Huge conglomerations of people, big fucked-up metropoles, like in overcrowded India, means there is water and food a plenty in the neighbourhood. You really think you'll find a billion people trooping together in the middle of nowhere, in the dry fucking desert, just for the heck of it? Think again, frisco. It's so common for Western people to think that these countries are underdeveloped. That they do everything on foot or ride on mules. That they communicate with each other using smoke signals and shit. I'll tell you something: I have without a single doubt in my mind walked more kilometres on foot than your average Indian. You shouldn't worry about any of these people. Their video store has more worn out tapes of obscure Bollywood motion pictures than we have dvd's.

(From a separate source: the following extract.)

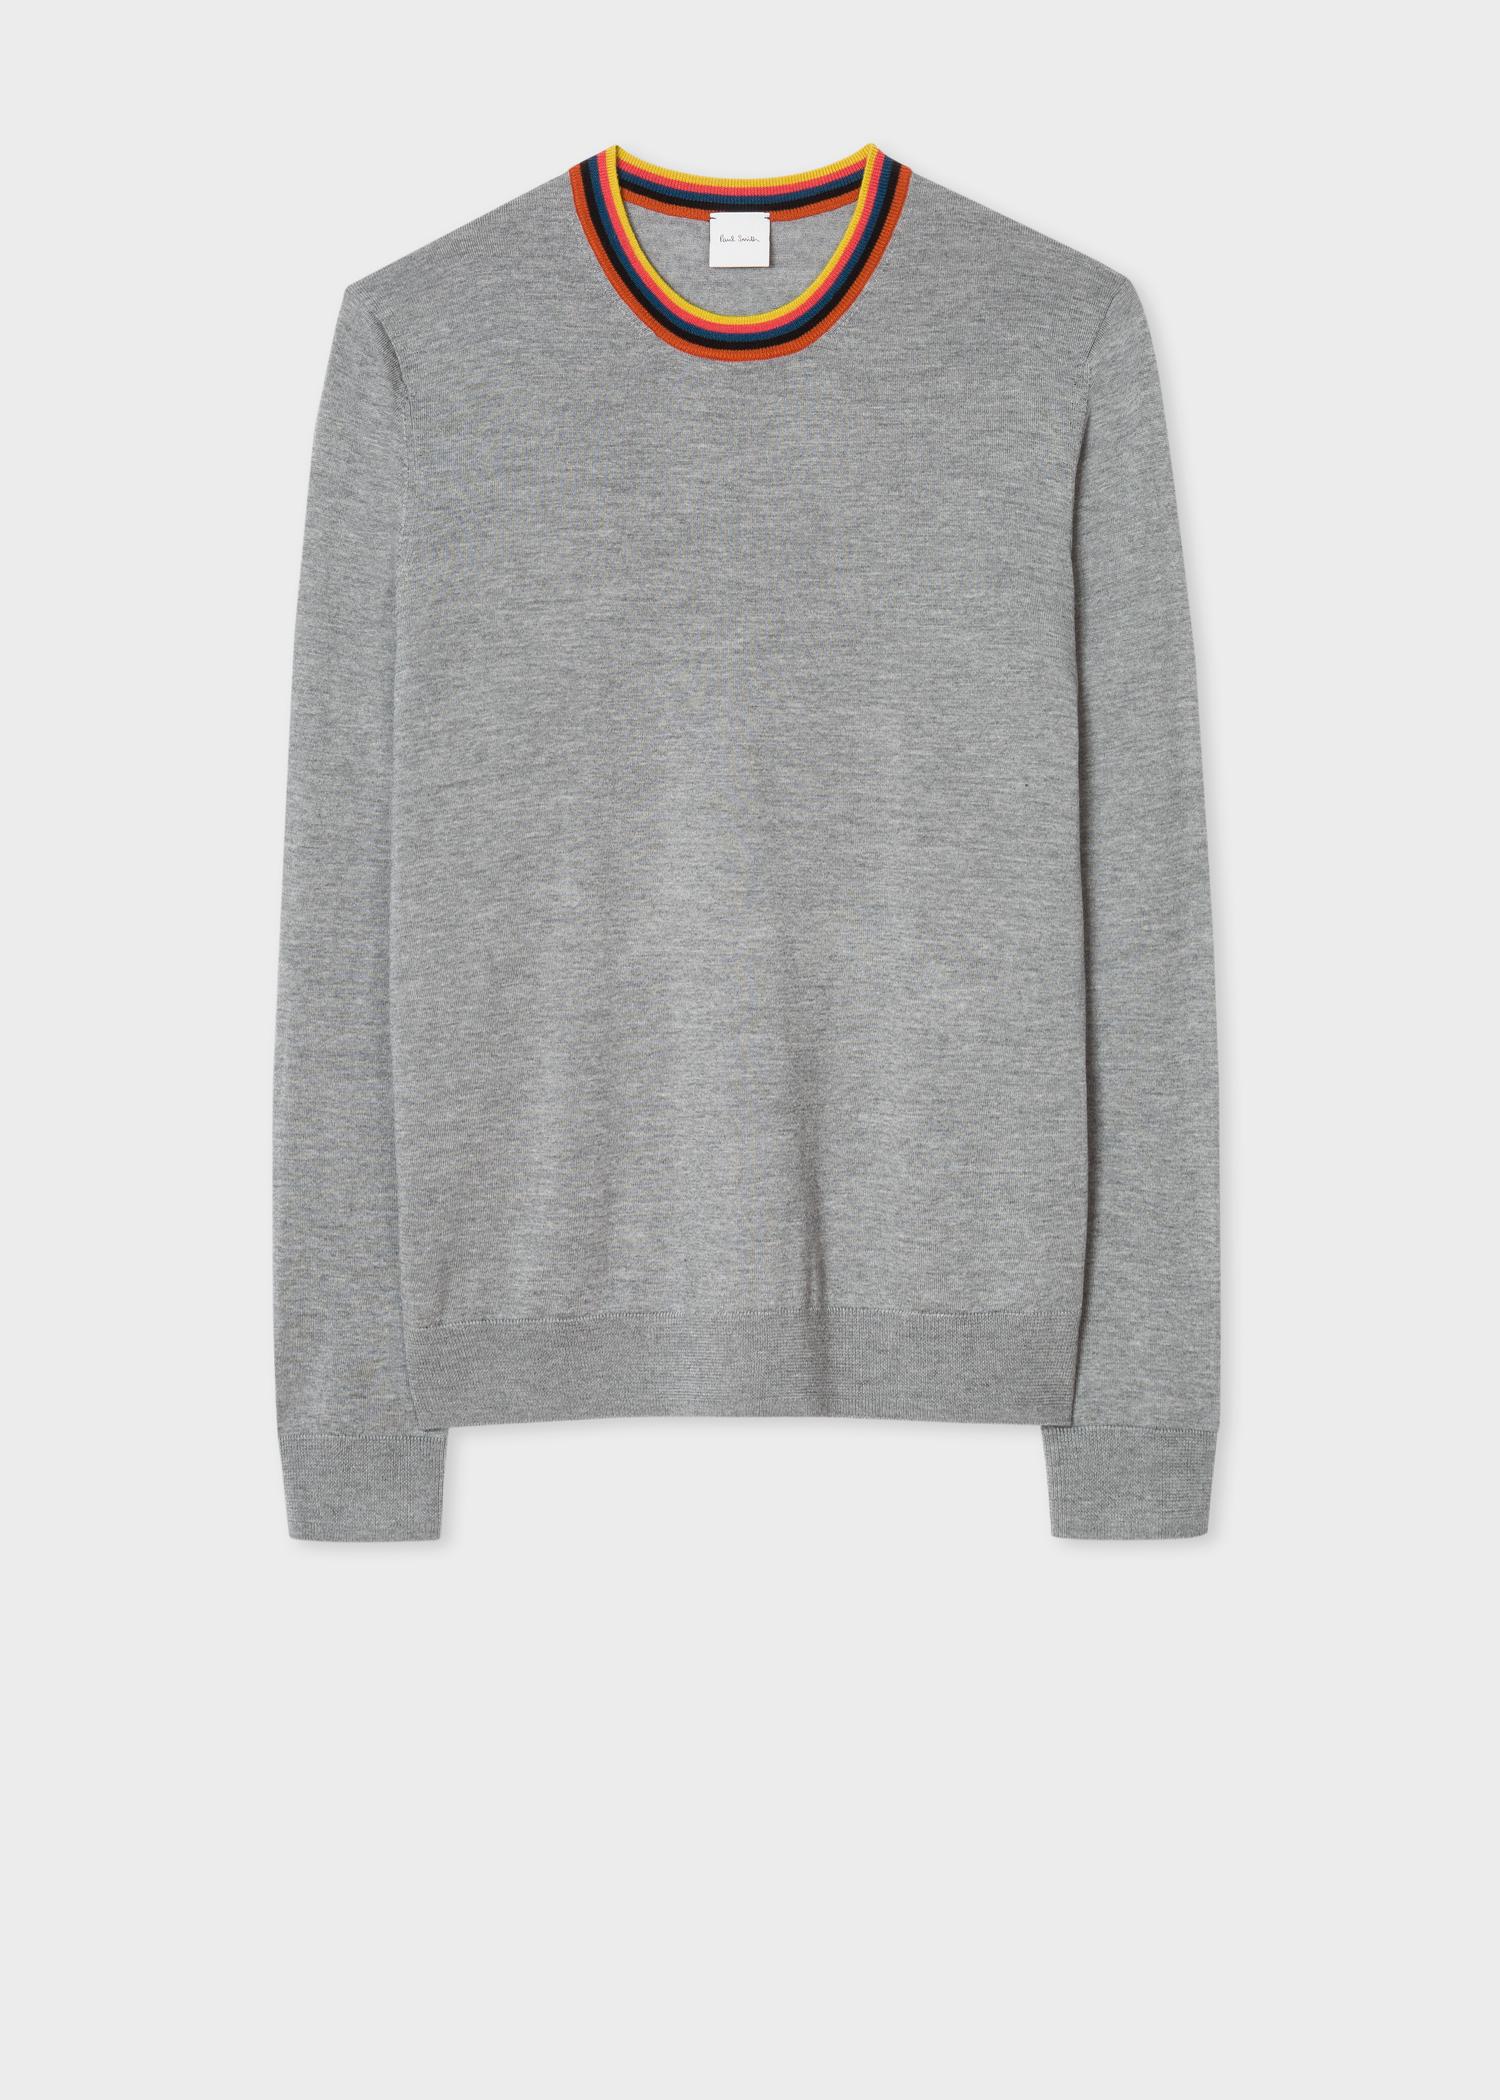 8756f8fbb1497a Front View - Men's Light Grey Merino Wool Sweater With 'Artist Stripe'  Collar Paul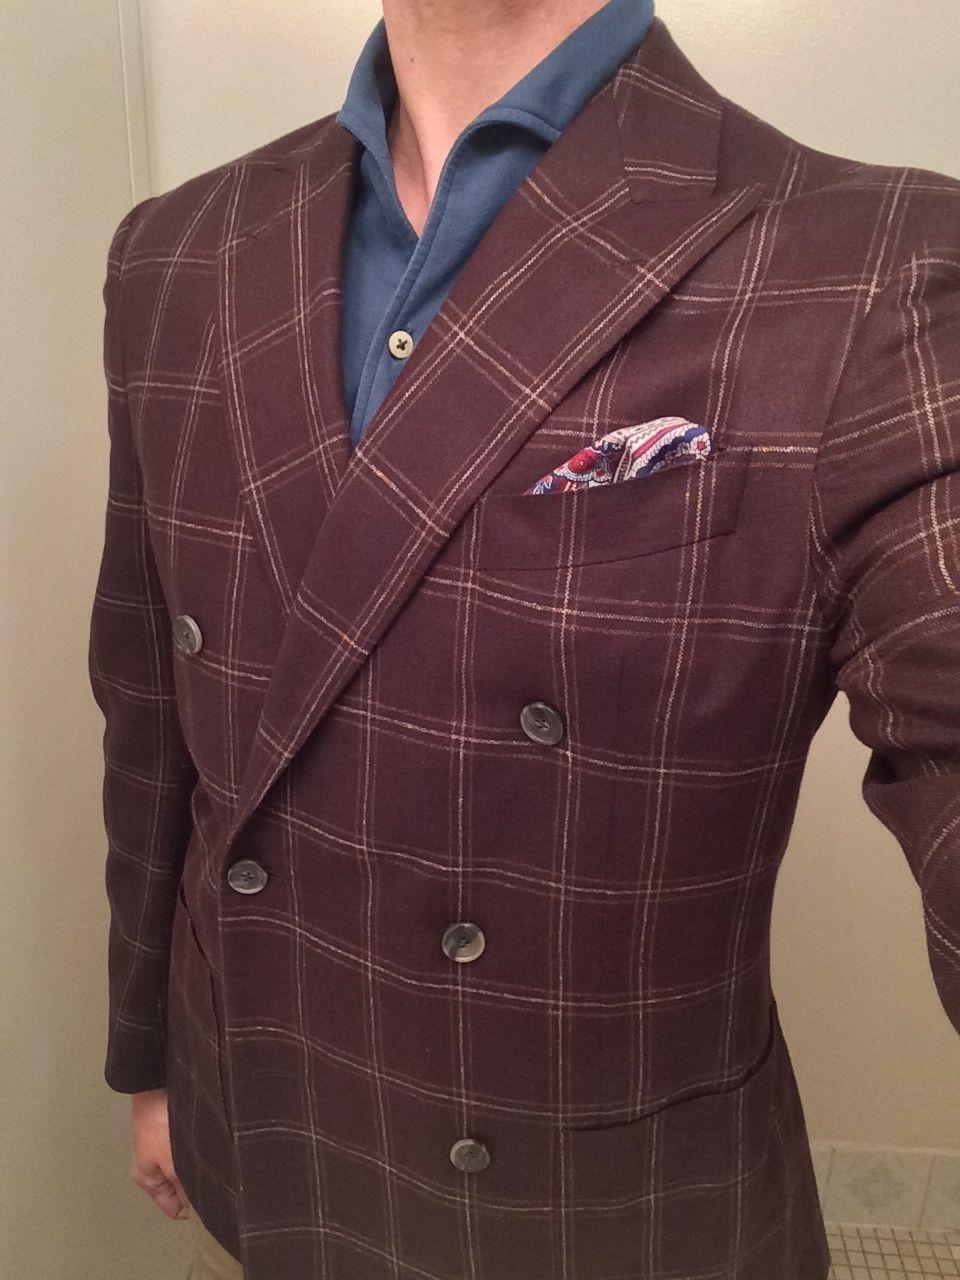 Eidos Brown DB jacket, Teal Lupo

These guys drive the cars that we don't want anymore. They've never heard of lead-free fuel. And they have cellular phones, don't you worry. Two outta three Chinese farmers have a cellular phone, and as we all know: one outta five people on earth is a Chinese farmer.
Plus: everybody just loves the Western way of life. From Alaska to Beijing. And this will only get worse in the coming years. Soon America will no longer be the world's greatest polluter. Soon their shacks will be replaced by plastic non-bio-degradable shelters. Soon they'll be buying fresh, clean air from us.
How come it is so fucking hard to admit: we are almost at the last page of the novel, the end of the movie, the grand finale. We've fucked up and it's because of morons like you and your mother and father and my mother and father and everyone's mother and father that this last page, this final moment, this so-called climax will be the biggest disappointment ever: 'WE'VE RUN OUT OF OIL, AND NOW WE'RE DOOMED!'
Try making plastic out of solar energy, frisco. Try transporting tons of food along the concrete highway with wind energy, frisco. Try flying from Brussels to New York on bio-diesel, frisco. And try feeding six billion people that way. I dare you.
I give all of us ten more years. By that time fossil fuels will be as rare as platinum or 24-carat diamonds. By that time it'll be survival of the fittest. I wish all of you good luck.